Work required:
Transcribe the entries that come next exactly, but not the pictures they contain.

::: Given records :::

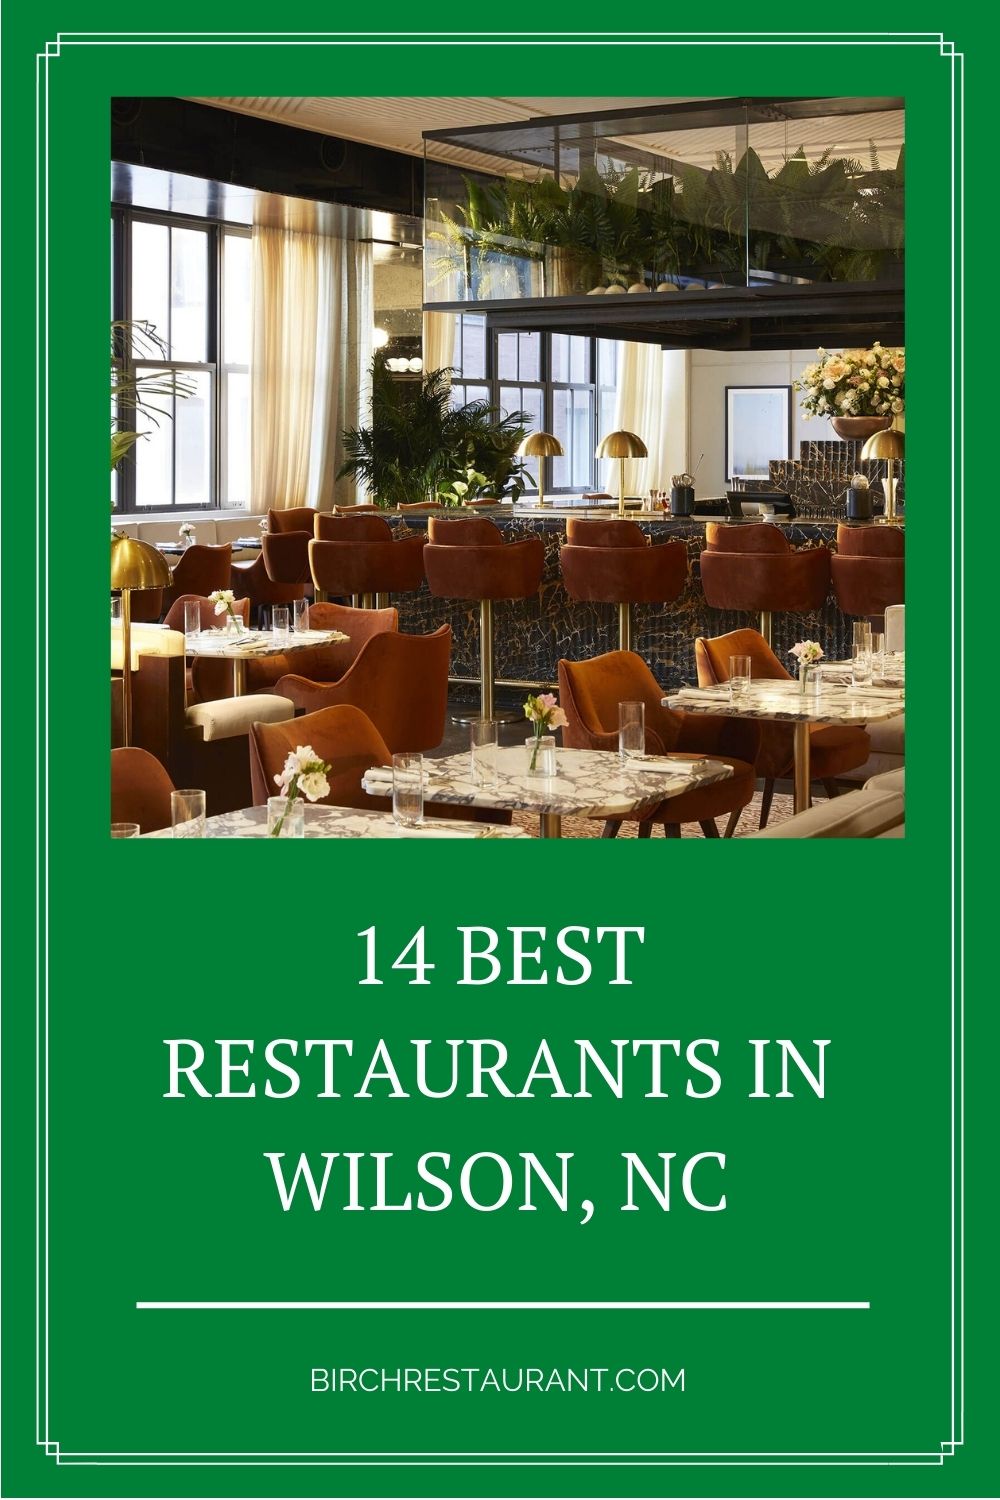 Best Restaurants in Wilson
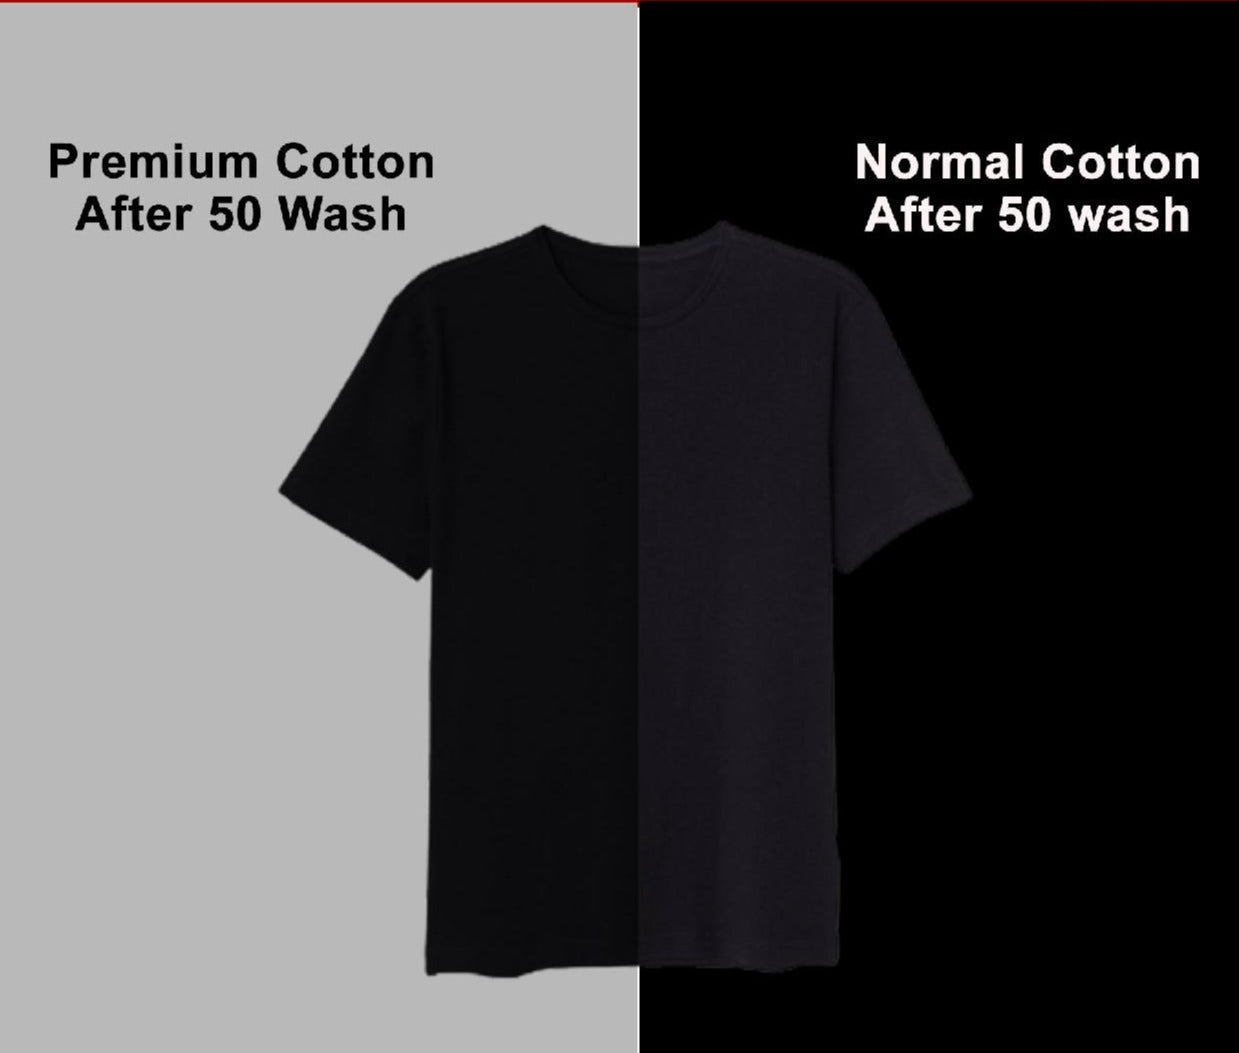 Pocket Design Half Sleeve T-shirt for Men
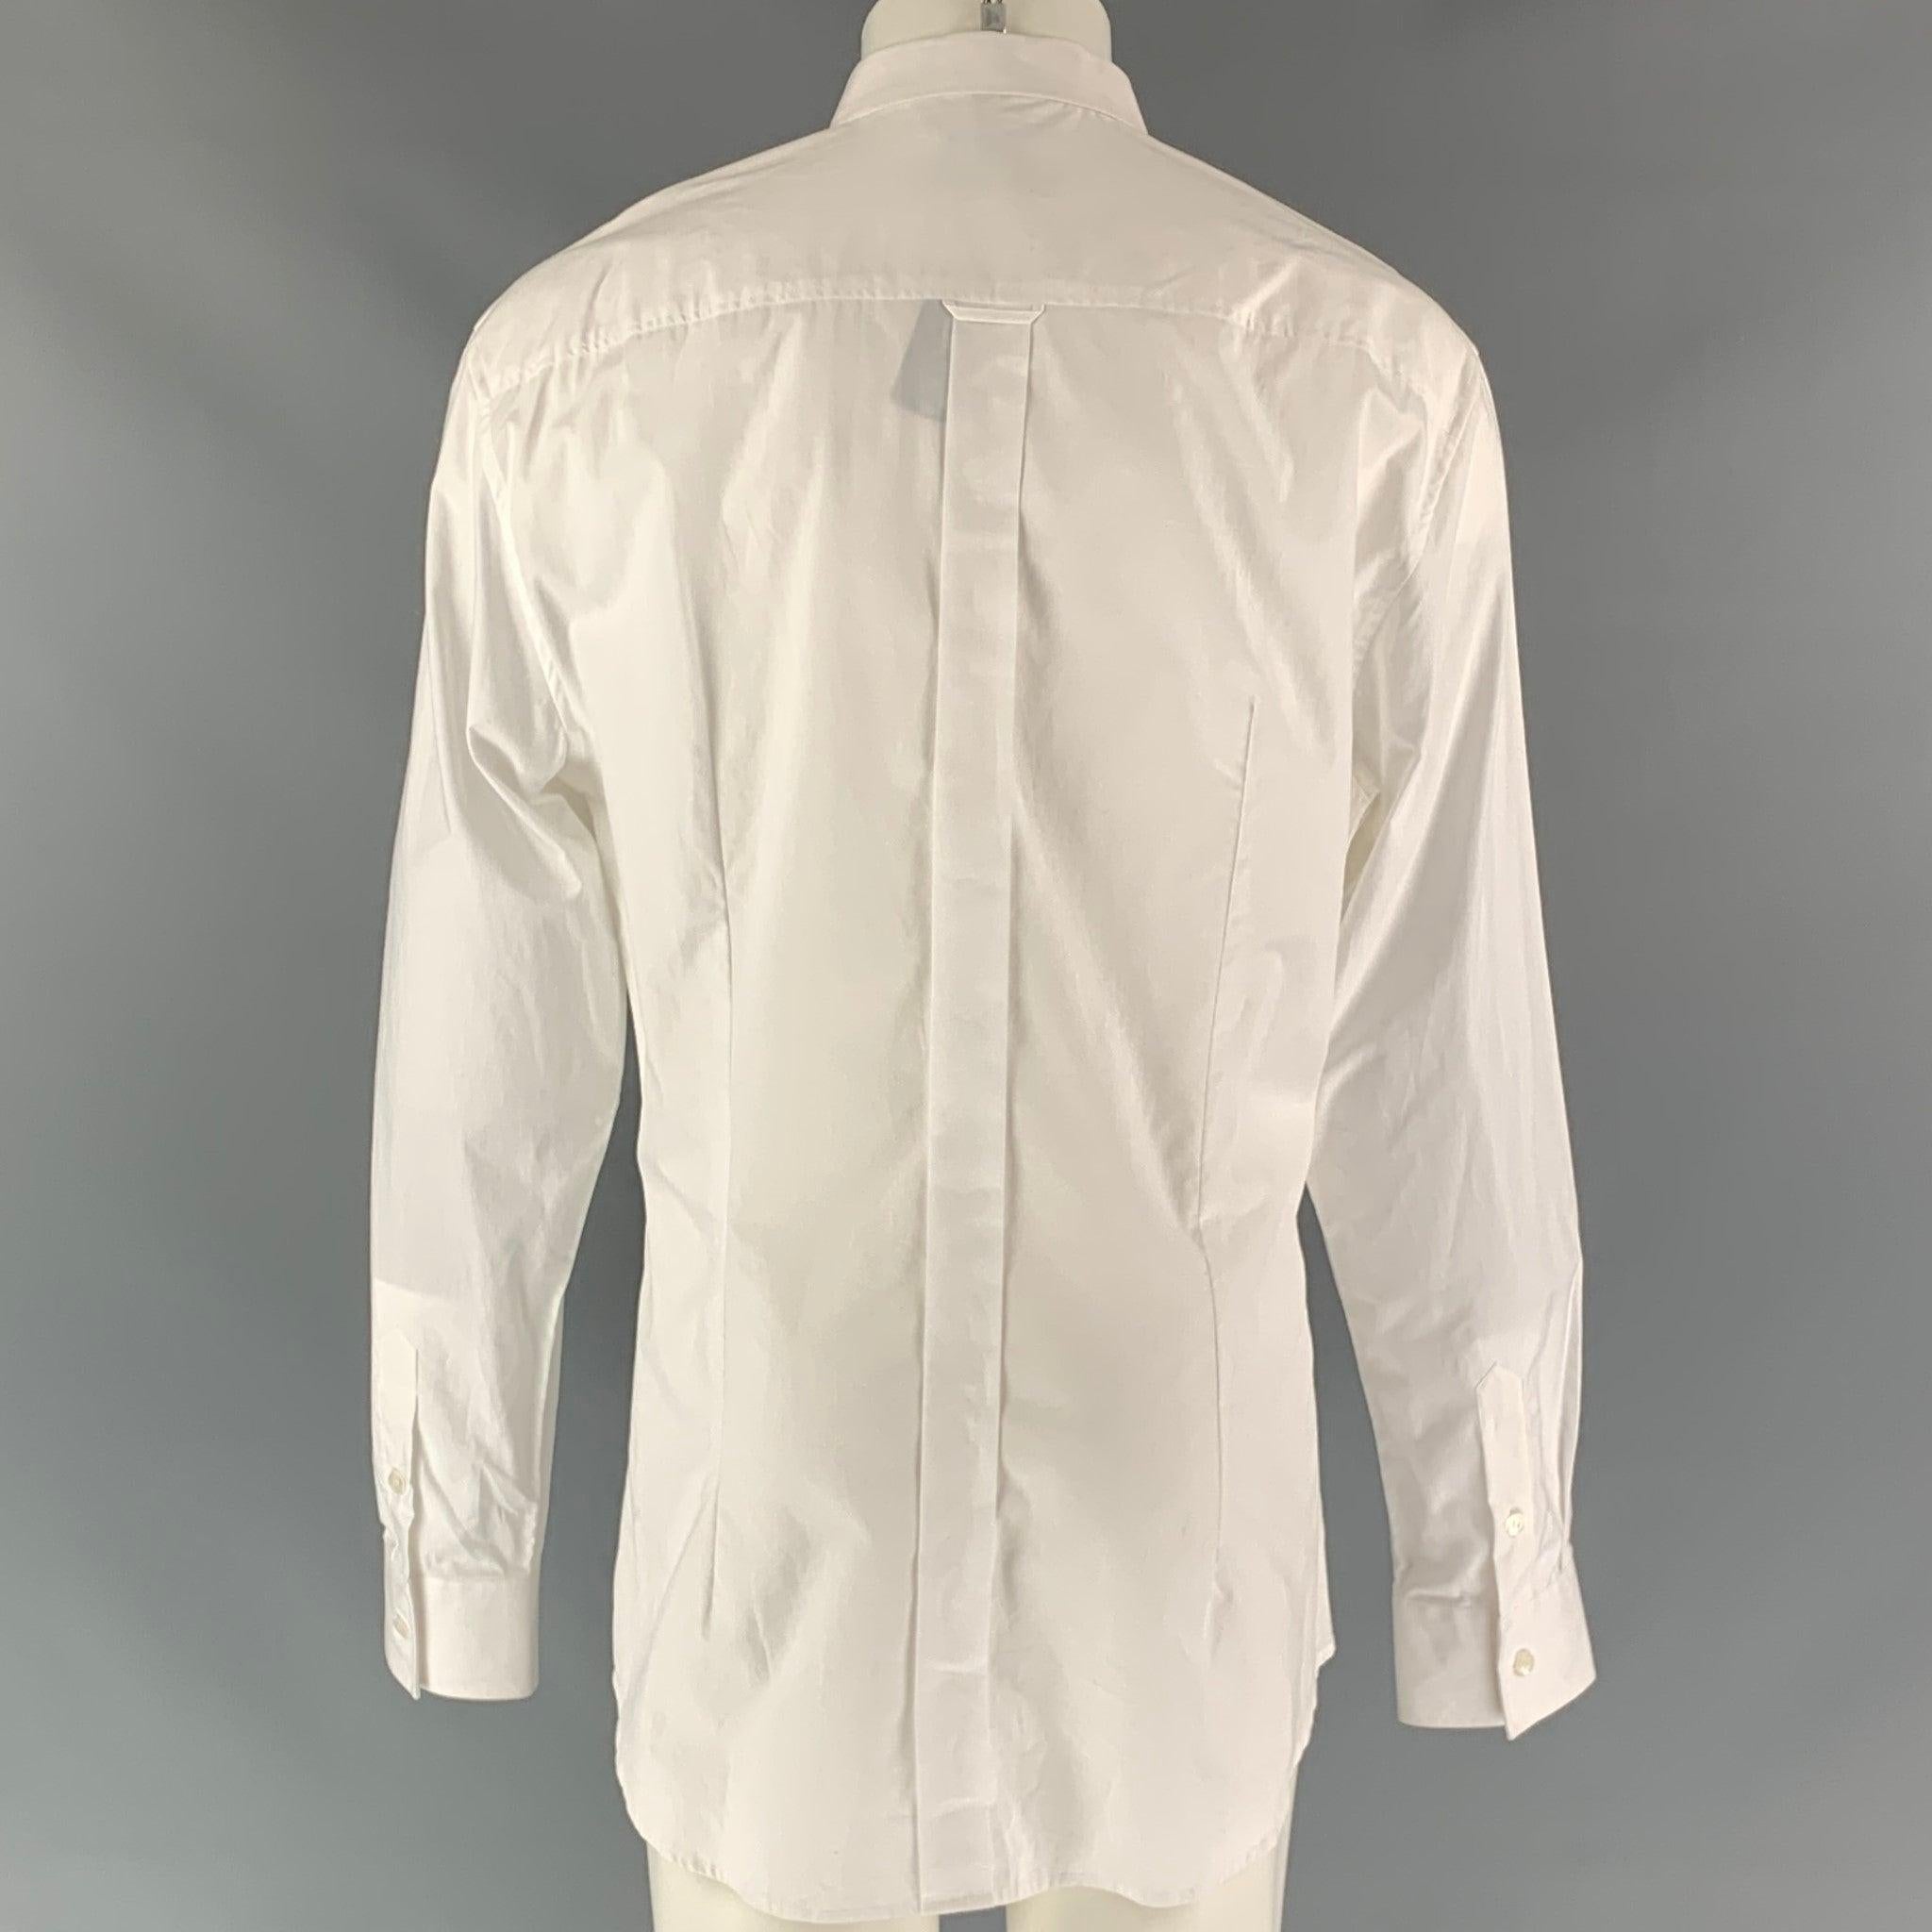 La chemise à manches longues D&G DOLCE & GABBANA est proposée en coton blanc. Elle se ferme par un bouton, présente un col droit et des poignets carrés à un bouton et comporte des poches plaquées.
Nouveau avec Tags. 

Marqué :   48
 

Mesures :

:::

Answer section:
 Best Restaurants in Wilson
 Pocket Design Half Sleeve T-shirt for Men
 La chemise à manches longues D&G DOLCE & GABBANA est proposée en coton blanc. Elle se ferme par un bouton, présente un col droit et des poignets carrés à un bouton et comporte des poches plaquées.
Nouveau avec Tags. 

Marqué :   48
 

Mesures :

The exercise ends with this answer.